Fermi la vortaro/Closing the Dictionary
de AllenHartwell, 2014-majo-28
Mesaĝoj: 28
Lingvo: English
AllenHartwell (Montri la profilon) 2014-majo-28 13:14:06
Fenris_kcf (Montri la profilon) 2014-majo-28 16:22:39
PS:
AllenHartwell:Fermi la vortaroYou even "forgot" the accusative! +5 troll points
AllenHartwell (Montri la profilon) 2014-majo-28 16:37:01
Fenris_kcf:OK, now there's no more doubt that you are nothing but a troll.I gave an example of how this was already done. There wasn't a word for potato because the Europeans who spoke Esperanto didn't need one until potatos were brought back from the New World. Rather than making up some arbitrary new root, a compound was modeled after the French pomme de terre. It wasn't needed. There was a better way because there were already roots to express the concept. I think after over a century of constant use, we would have more than enough roots to express any concept anyone would have without having to keep tinkering with everything.

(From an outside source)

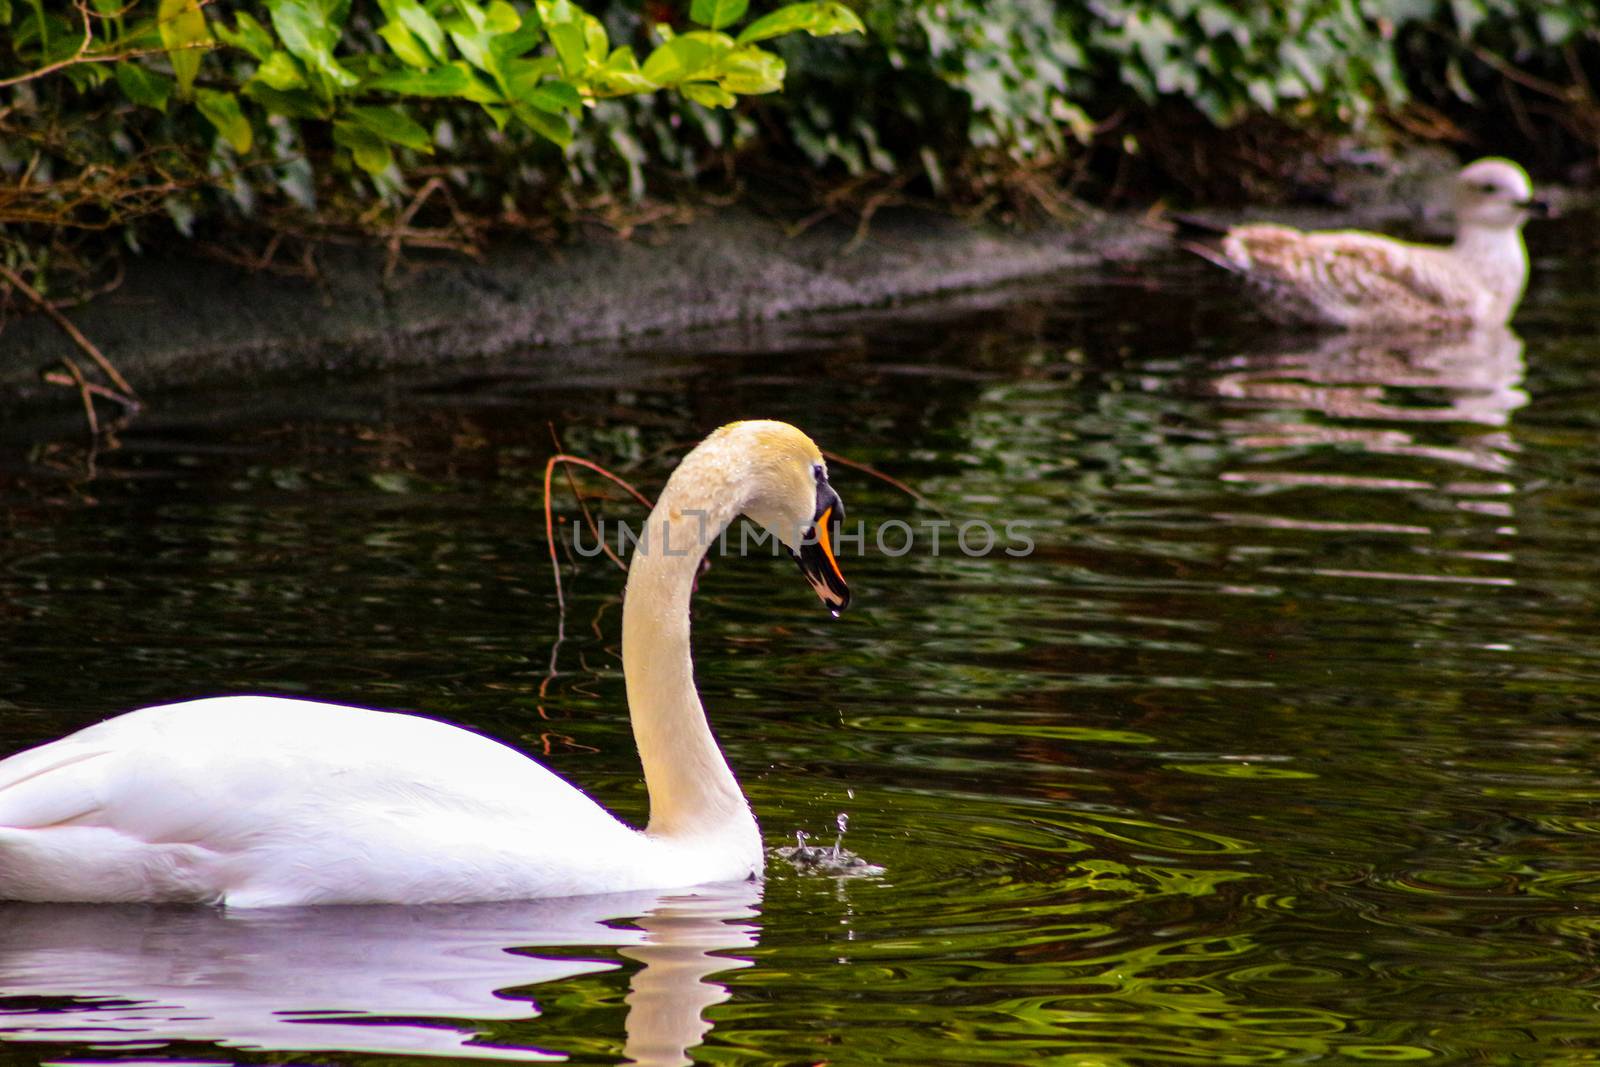 Mute swan cygnets, Cygnus olor, watched over by pen and cob, swimming in Grand Canal, Dublin, Ireland. Four young fluffy baby swans with soft down in water beside mother and father by mynewturtle1

PS:AllenHartwell:Fermi la vortaroYou even "forgot" the accusative! +5 troll points
I did realize I forgot the -n afterwards. It wouldn't let me edit the title.
nornen (Montri la profilon) 2014-majo-28 17:56:26
AllenHartwell:There wasn't a word for potato because the Europeans who spoke Esperanto didn't need one until potatos were brought back from the New World.How many Esperanto speakers were there before potatoes were introduced to Europe? Just give me a rough estimate.
Eltwish (Montri la profilon) 2014-majo-29 00:41:03
That said, I would agree that one should avoid introducing new roots without first attempting to express the concept with the existing Esperanto wordstock and morphology, and that a limited ability to do so is not an excuse for a wholesale annexation of Greek.
RiotNrrd (Montri la profilon) 2014-majo-29 02:21:17
In general the Esperanto community is pretty good about trying to build things out of existing roots first. But sometimes that leads to twelve-syllable monstrosities that a much shorter neologism can take care of. This becomes especially attractive if the particular neologism is already pretty widely understood internationally. It's a last resort - or should be - but it shouldn't be written off. Especially because it never will be. There will be a lot more official roots in the 2114 dictionaries than there are in ours today.
There's theoretical purity, and then there's real-world practicality. Go with practicality. It'll never be more than an approximation of the theory, but it's a heck of a lot easier to work with. And practicality IS the original driver for Esperanto, after all. The language is something you use, not something you display on a pedestal.
Rejsi (Montri la profilon) 2014-majo-29 02:30:00
For example, at one point in time, we thought the atom was the smallest division of matter. Then we discovered electrons, protons, neutrons, etc. Now we have crazy things like quarks and muons. There isn't a good way to just describe these in Esperanto with current roots. You have to make up new ones.
Edit: Oops. Just realized RiotNrrd said the same thing.
Eltwish (Montri la profilon) 2014-majo-29 02:50:30
kaŝperanto (Montri la profilon) 2014-majo-29 15:12:43
AllenHartwell:Potatoes were in Europe well before the 1800s, kamarado. There were certainly no Esperantists around to be making new words. I realize that you may have meant to say that they took the same approach to potato as the French, but it comes across as you implying that potatoes were brought from the new world when Esperanto existed.Fenris_kcf:OK, now there's no more doubt that you are nothing but a troll.I gave an example of how this was already done. There wasn't a word for potato because the Europeans who spoke Esperanto didn't need one until potatos were brought back from the New World. Rather than making up some arbitrary new root, a compound was modeled after the French pomme de terre. It wasn't needed. There was a better way because there were already roots to express the concept. I think after over a century of constant use, we would have more than enough roots to express any concept anyone would have without having to keep tinkering with everything.
PS:AllenHartwell:Fermi la vortaroYou even "forgot" the accusative! +5 troll points
I did realize I forgot the -n afterwards. It wouldn't let me edit the title.
About the actual subject, I can agree and disagree. Maybe we should close the dictionary to new roots and allow only new constructions, but a better approach would allow for some new roots to be adopted if the need arises. Esperanto is entirely different from a natural language in its word construction capabilities, so a closed dictionary in the sense I described would not necessarily be the death of the language.